■ **ABOUT THIS EXERCISE**: Once the line containing "Gateway Two-tone Ladder Shelf" is found in the entries below, reproduce it and every line after it, stopping at and including the line containing "Dugena Online-Shop |"; reproduce nothing else, and keep each line exact.

■ **RECORD EXCERPTS**:
►
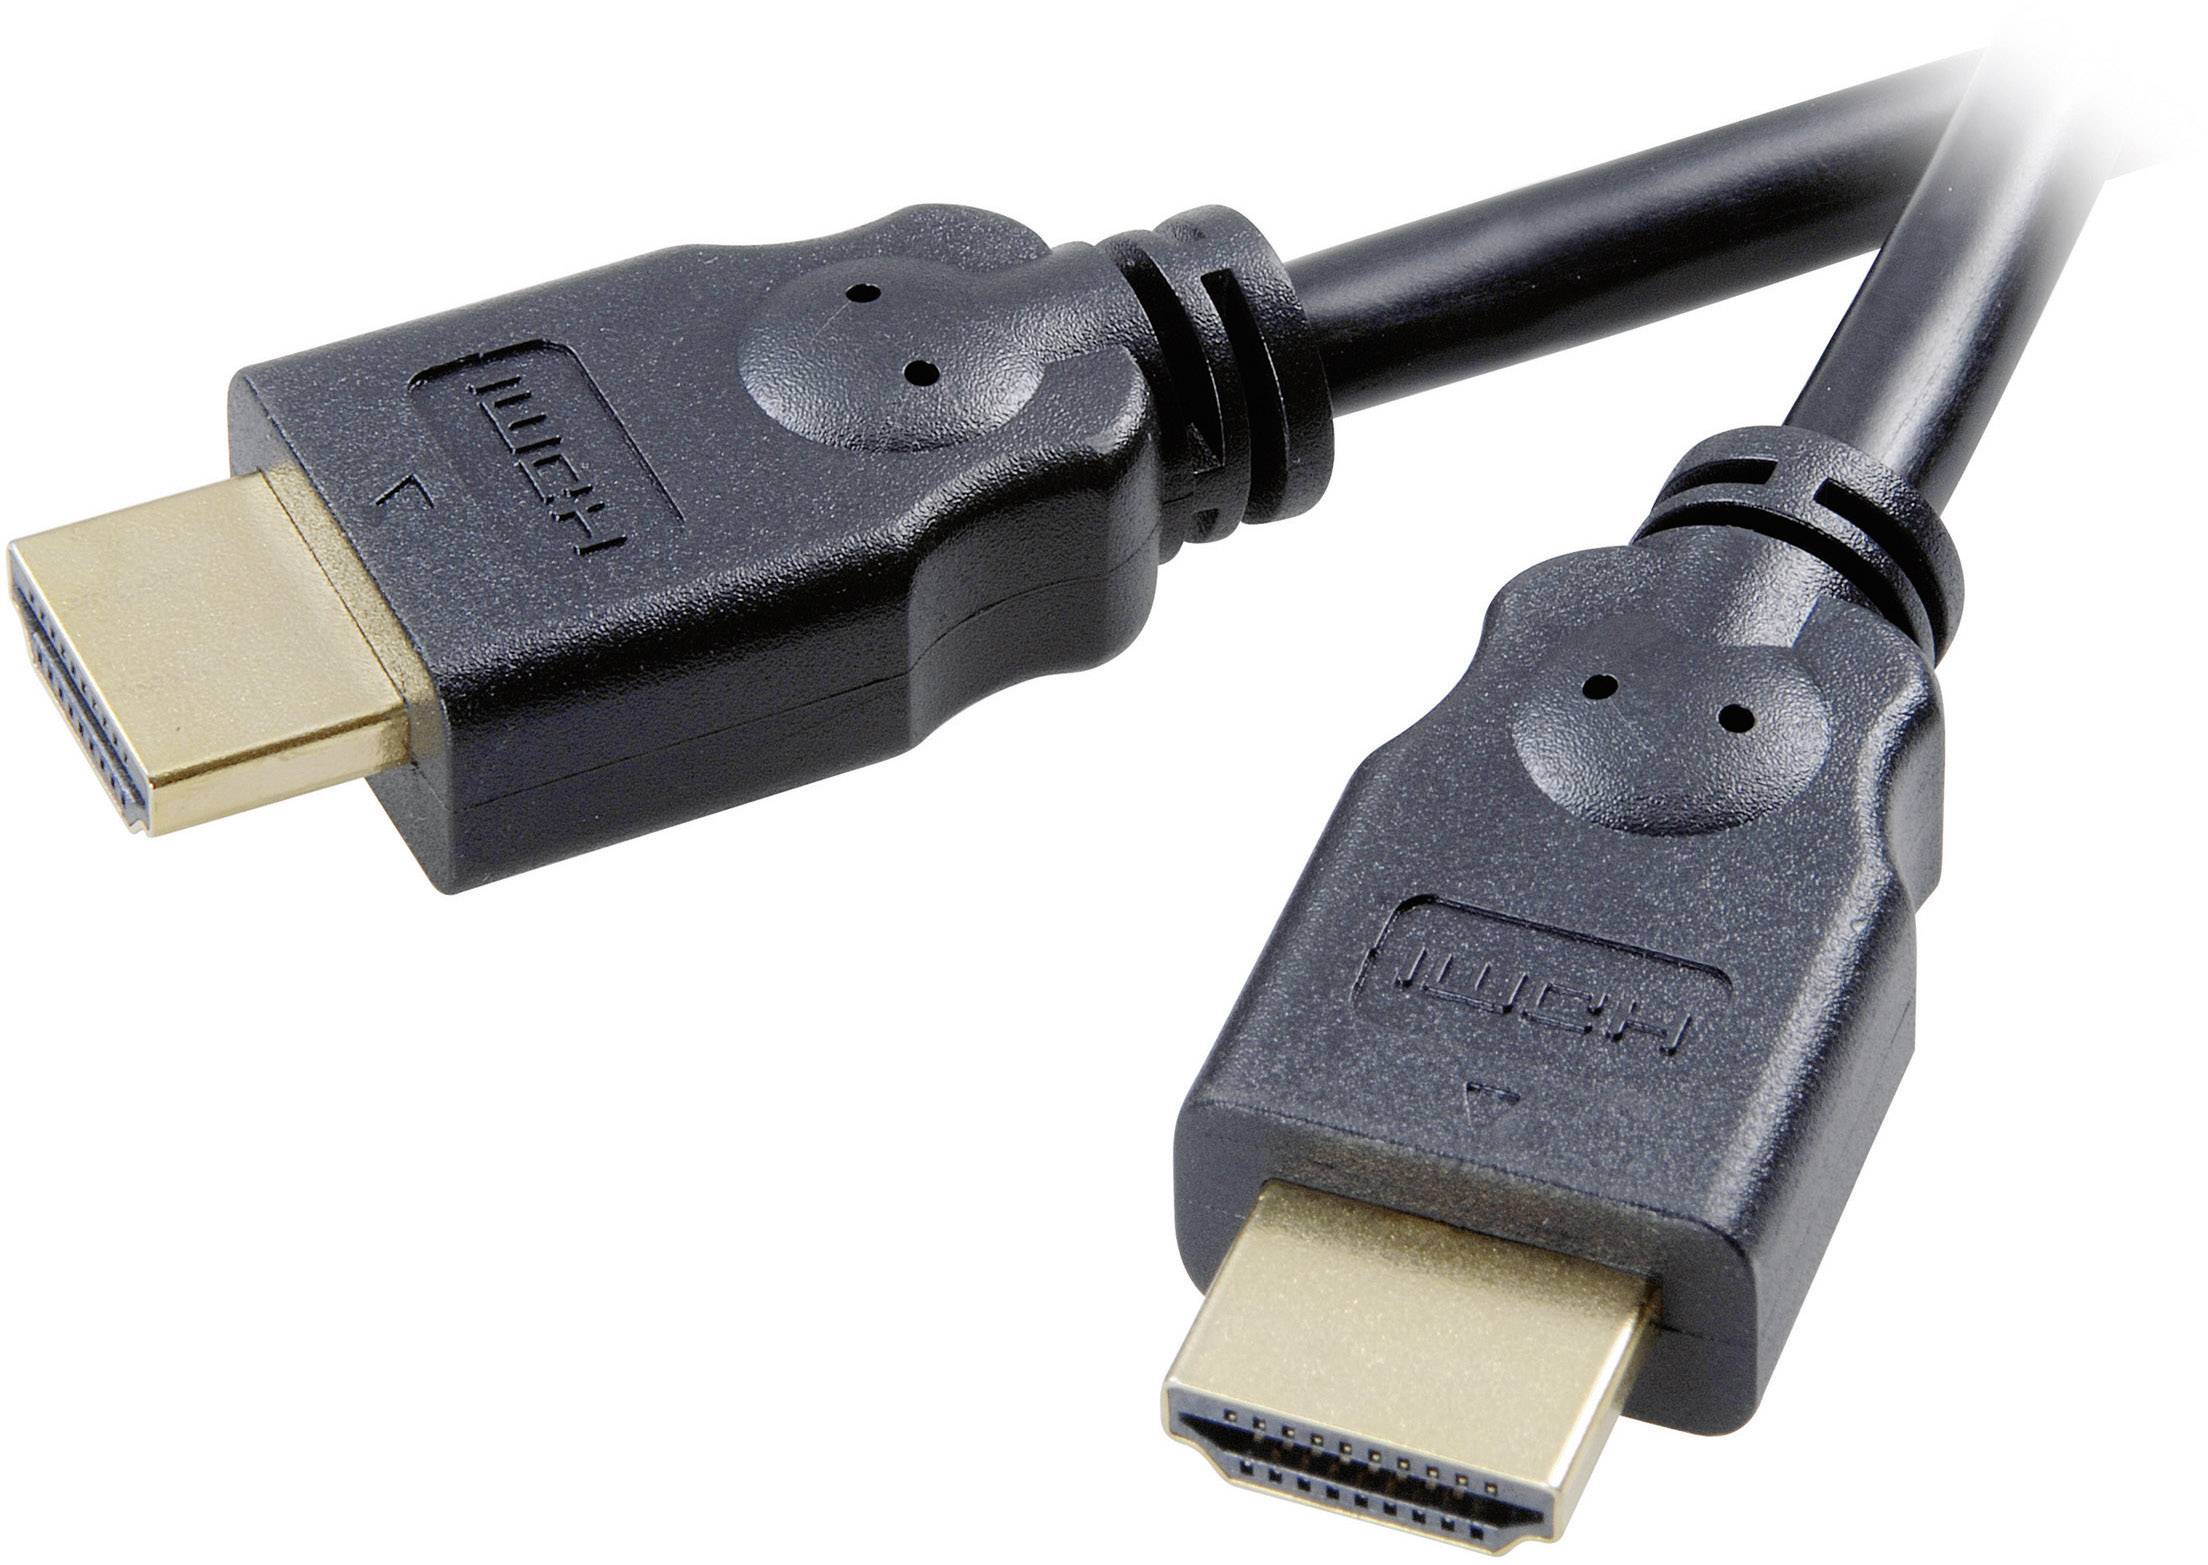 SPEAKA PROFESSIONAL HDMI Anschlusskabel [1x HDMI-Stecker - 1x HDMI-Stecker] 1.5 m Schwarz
◄
►
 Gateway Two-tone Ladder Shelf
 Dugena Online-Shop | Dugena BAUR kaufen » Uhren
◄
►
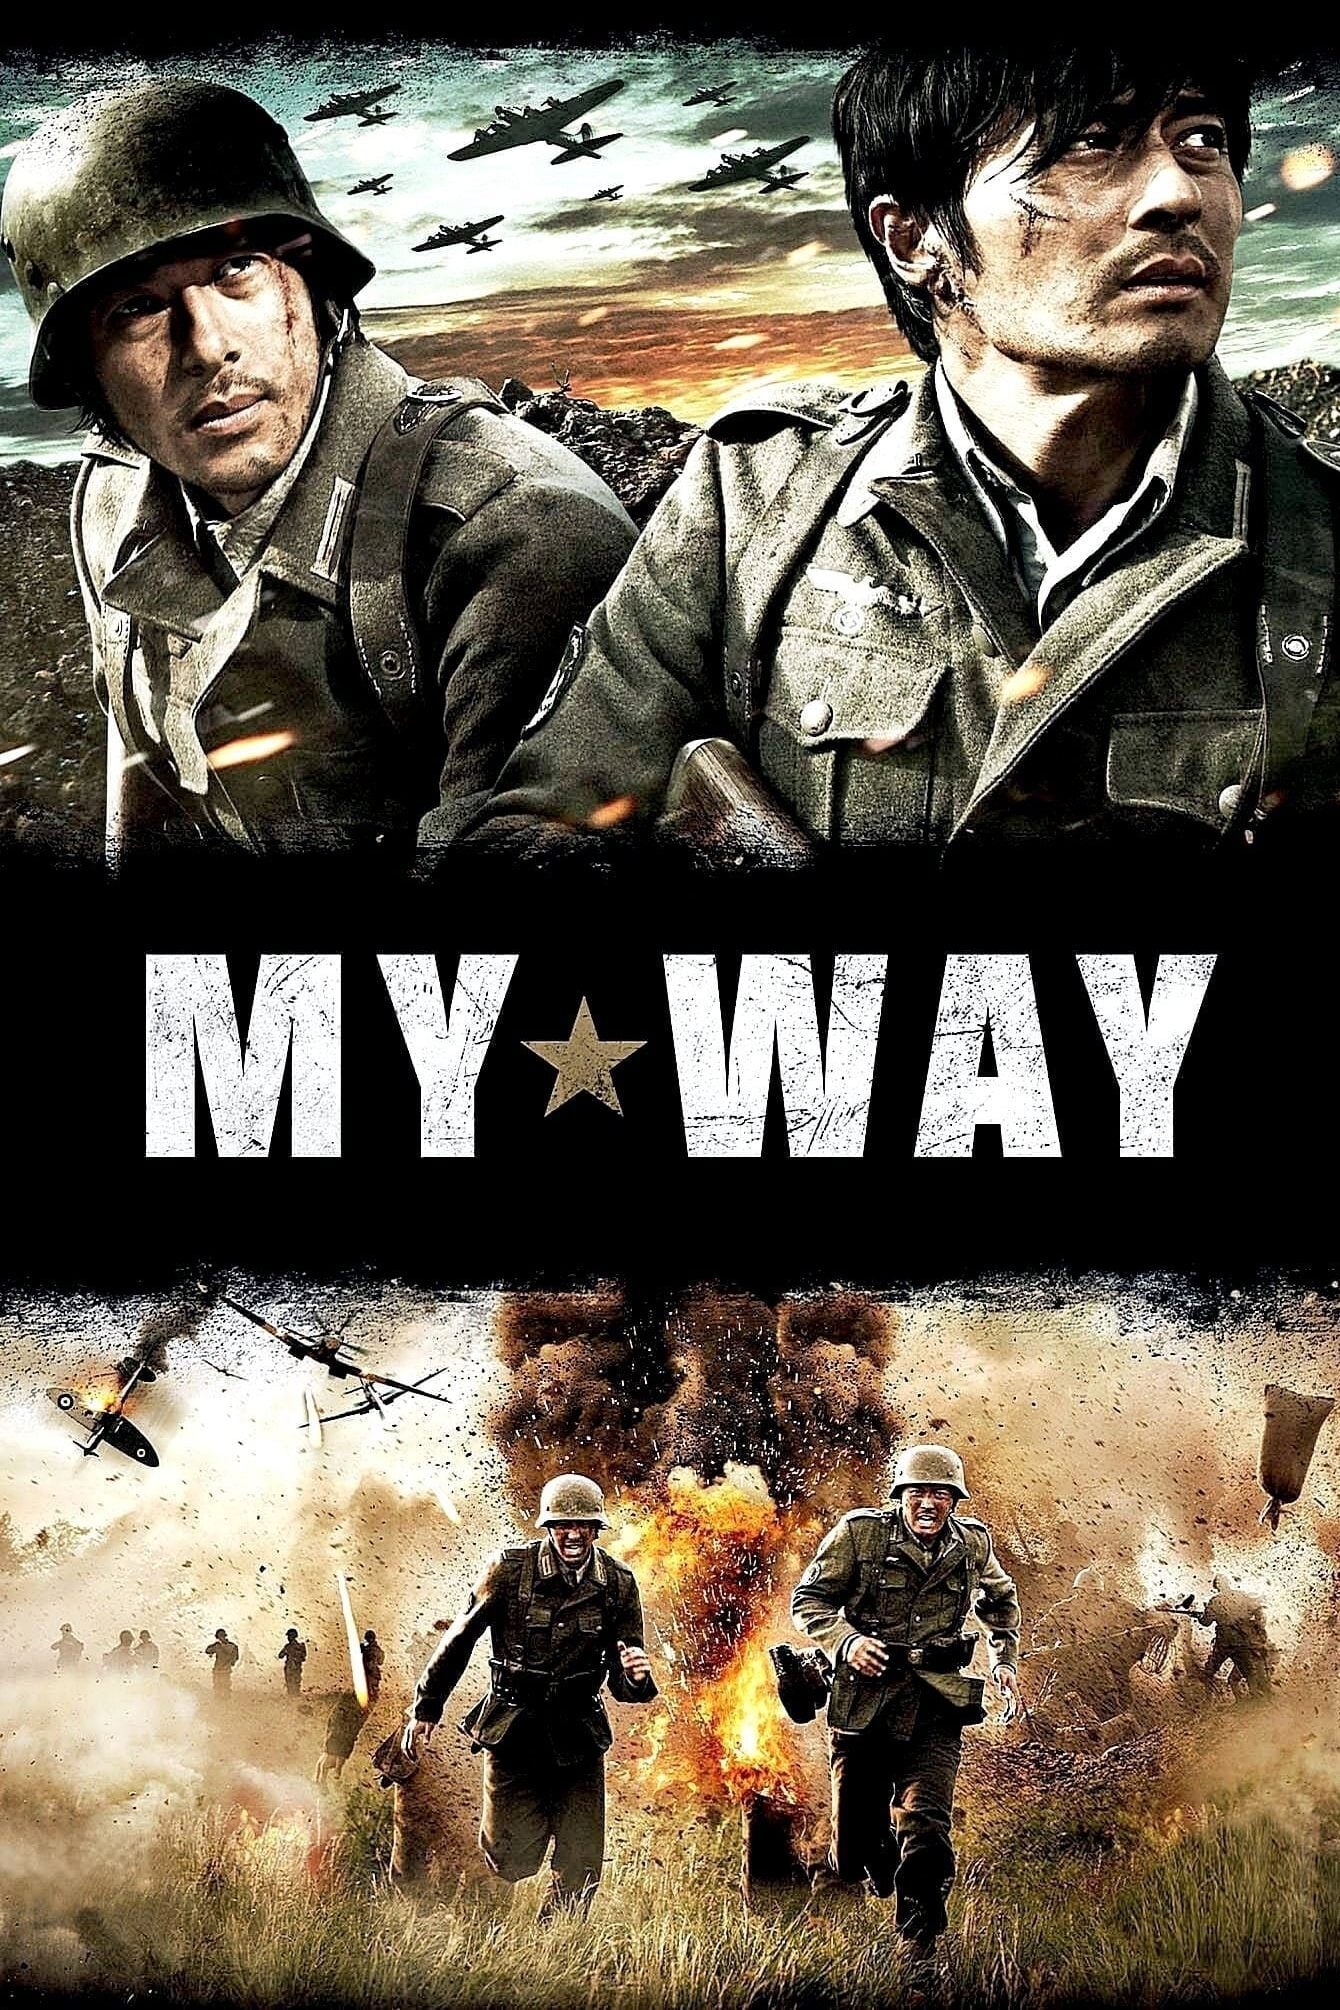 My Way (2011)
◄
■ **RESULT**:
 Gateway Two-tone Ladder Shelf
 Dugena Online-Shop | Dugena BAUR kaufen » Uhren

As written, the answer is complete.